*** Given information Section Begins ***

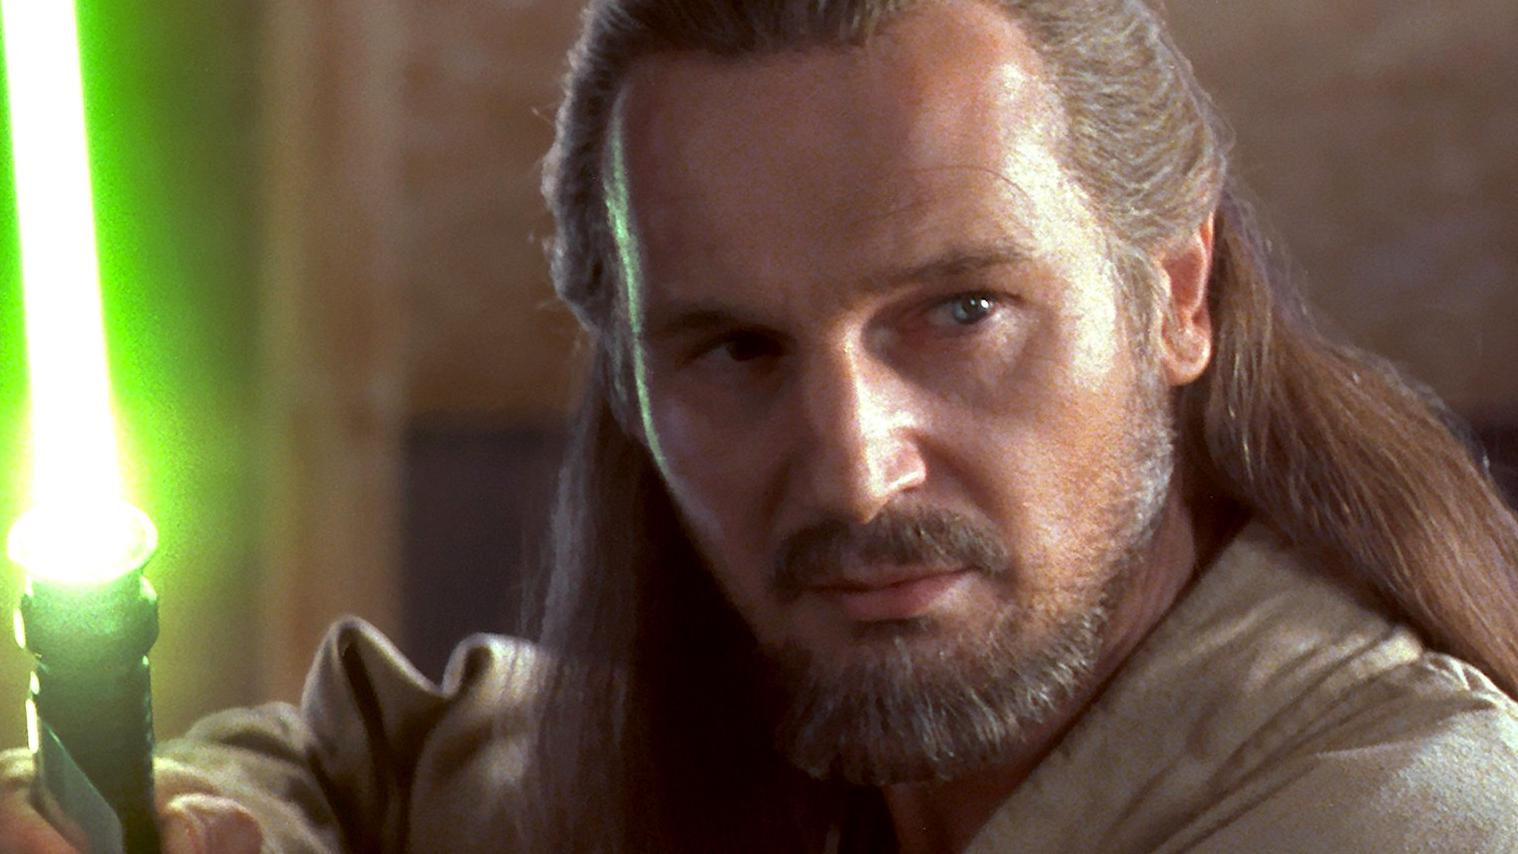 Exclusive: Liam Neeson Will Star In A Qui-Gon Jinn Series For Disney+
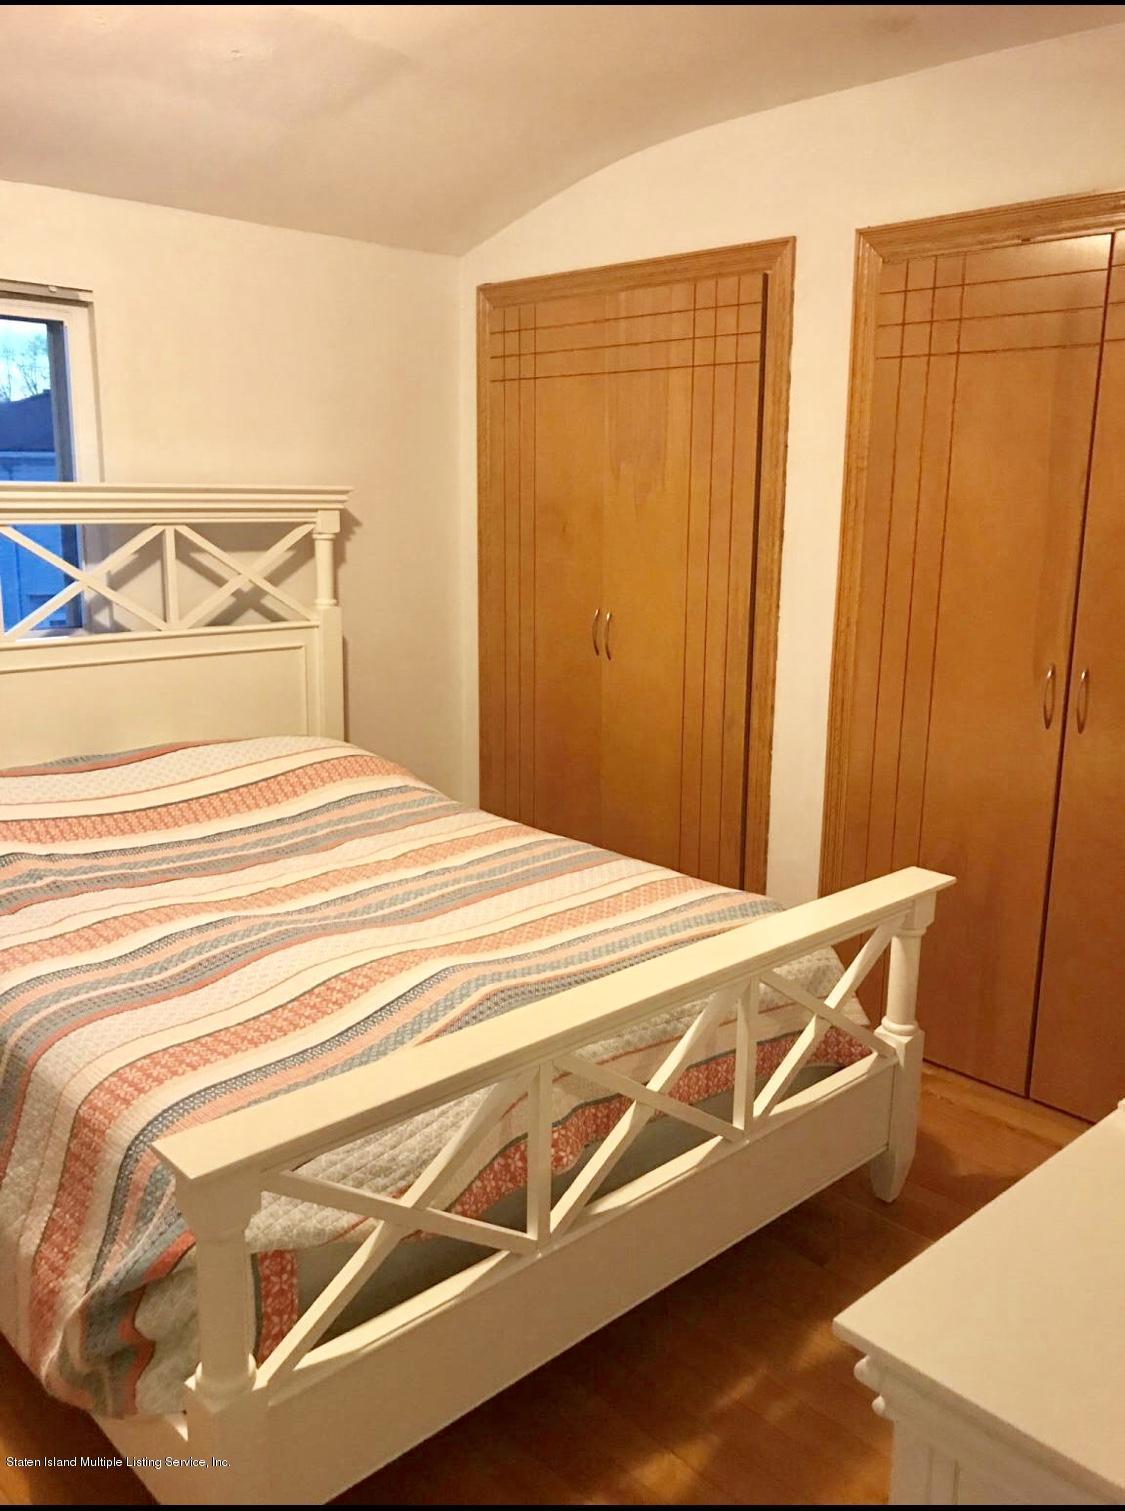 122 Winfield Street,Staten Island,New York,10305,United States,3 Bedrooms Bedrooms,6 Rooms Rooms,2 BathroomsBathrooms,Residential,Winfield,1128965
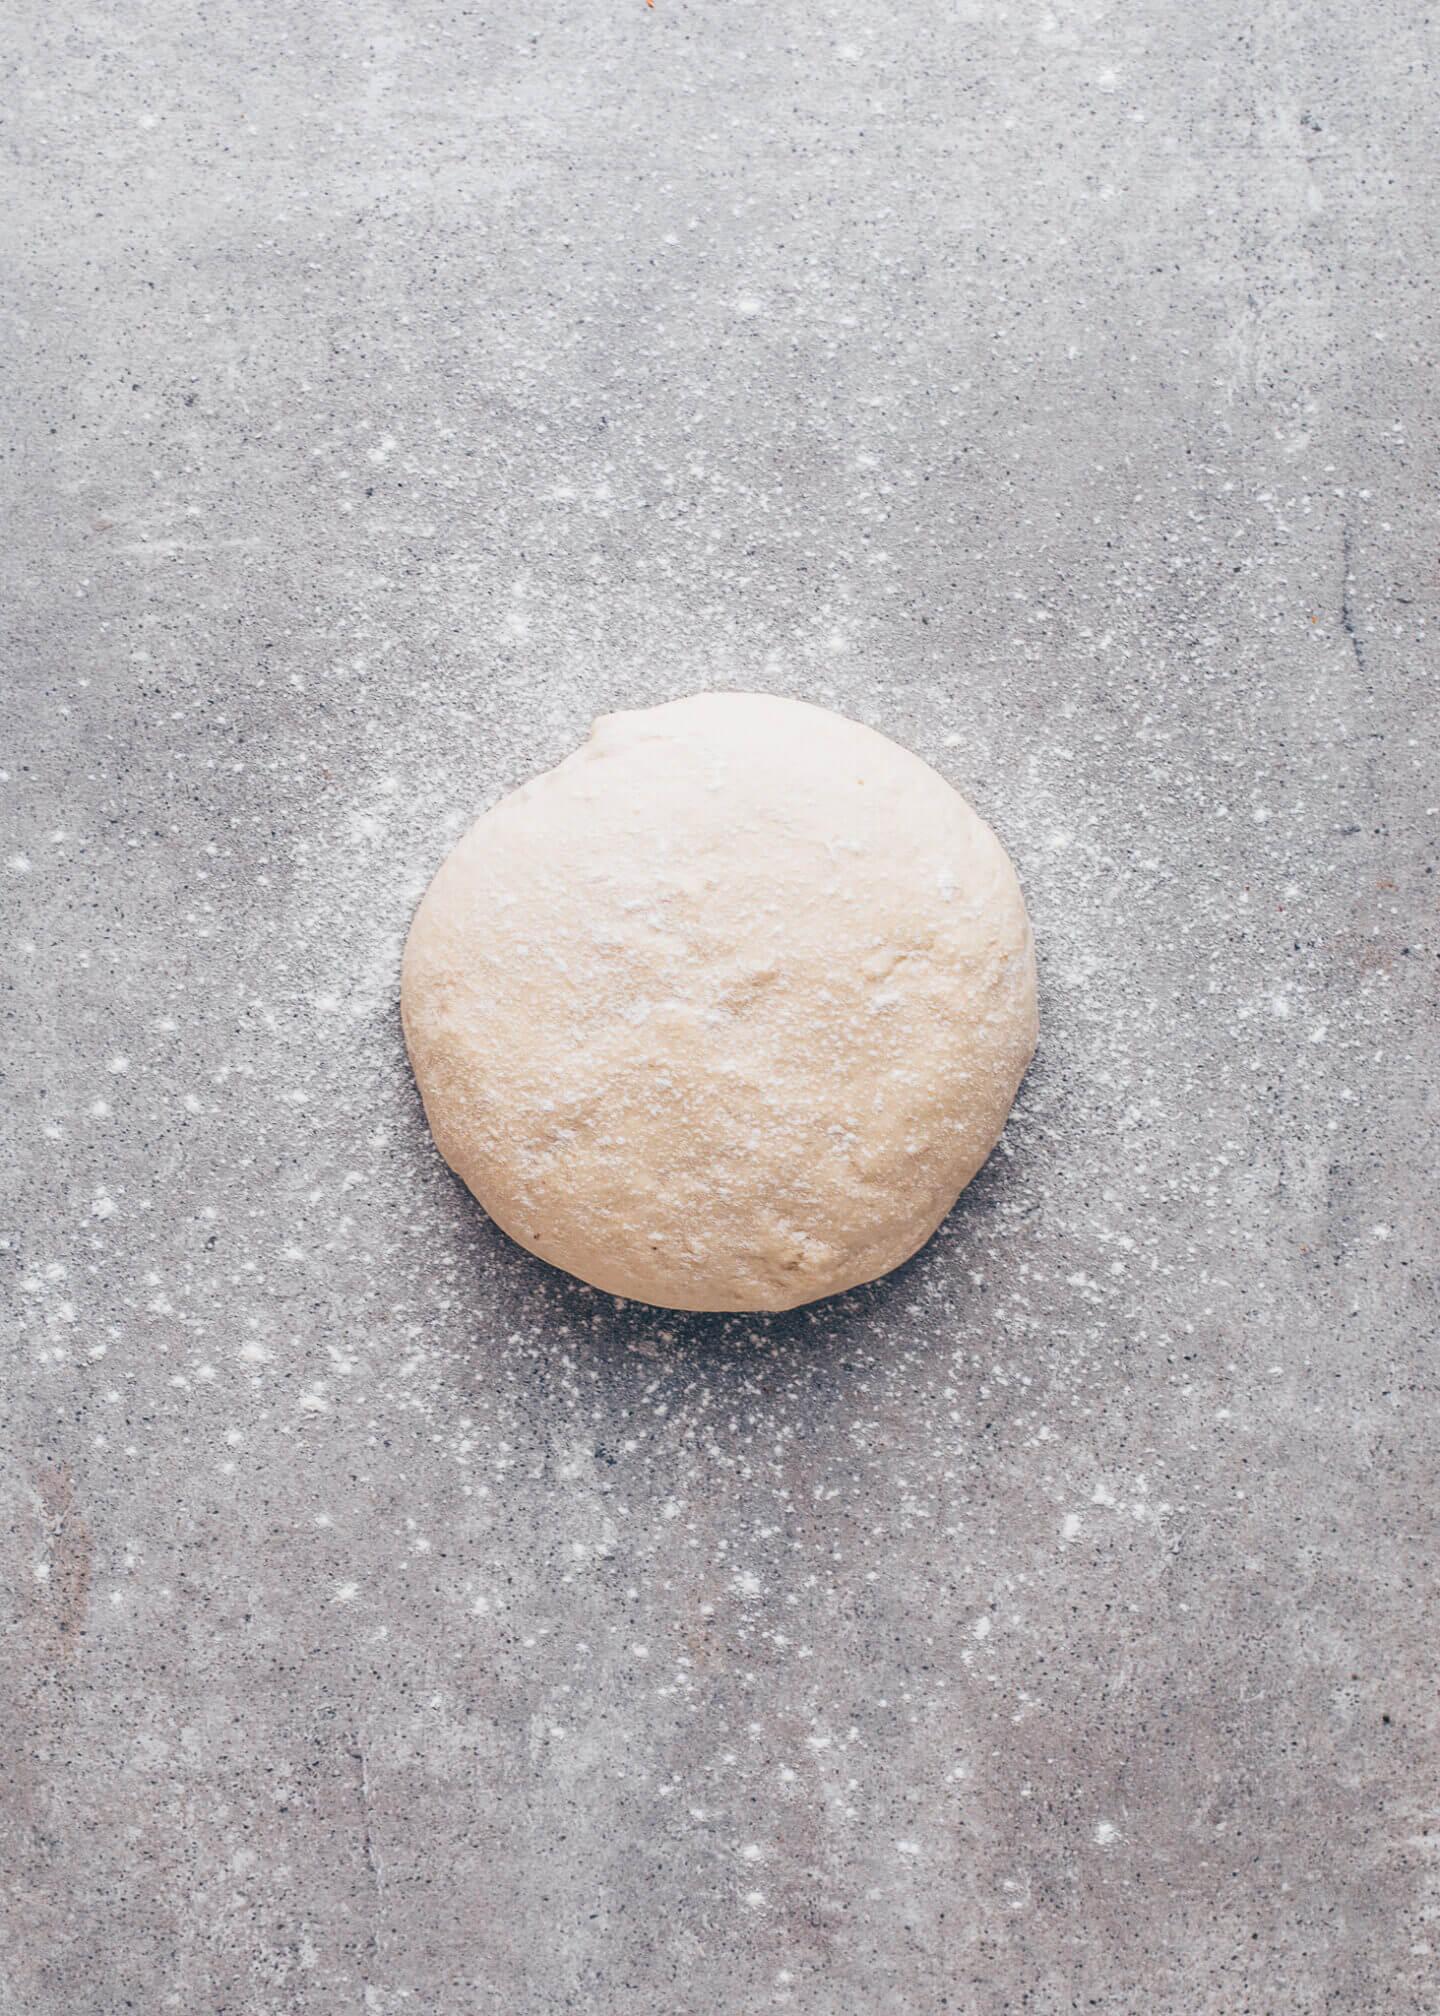 Pizza flatbread yeast dough
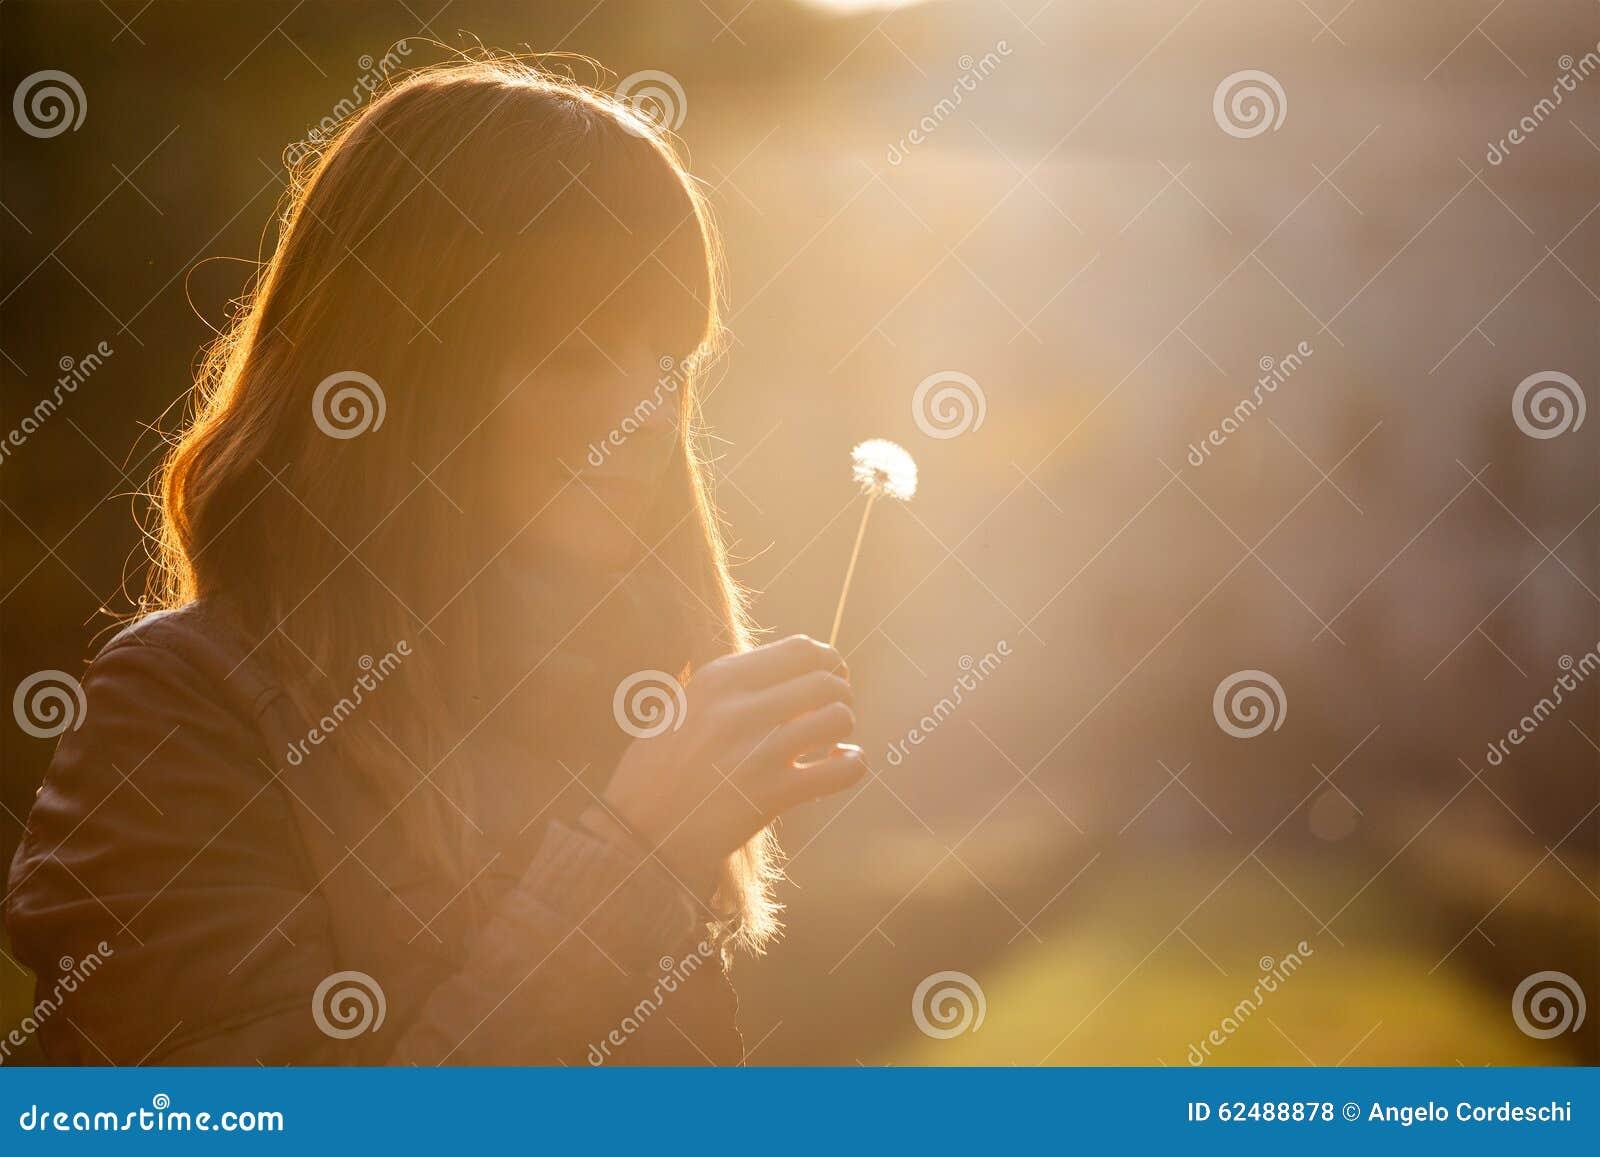 Gevoelig en breekbaar meisje, zoete hoopvrouw en aard Romantische zonsondergang

*** Given information Section Ends ***

What you are asked to do: Return only the lines from the one that contains "122 Winfield Street,Staten" through the closing line of the data, inclusive, reproduced exactly and with every picture left out.

Your response:
 122 Winfield Street,Staten Island,New York,10305,United States,3 Bedrooms Bedrooms,6 Rooms Rooms,2 BathroomsBathrooms,Residential,Winfield,1128965
 Pizza flatbread yeast dough
 Gevoelig en breekbaar meisje, zoete hoopvrouw en aard Romantische zonsondergang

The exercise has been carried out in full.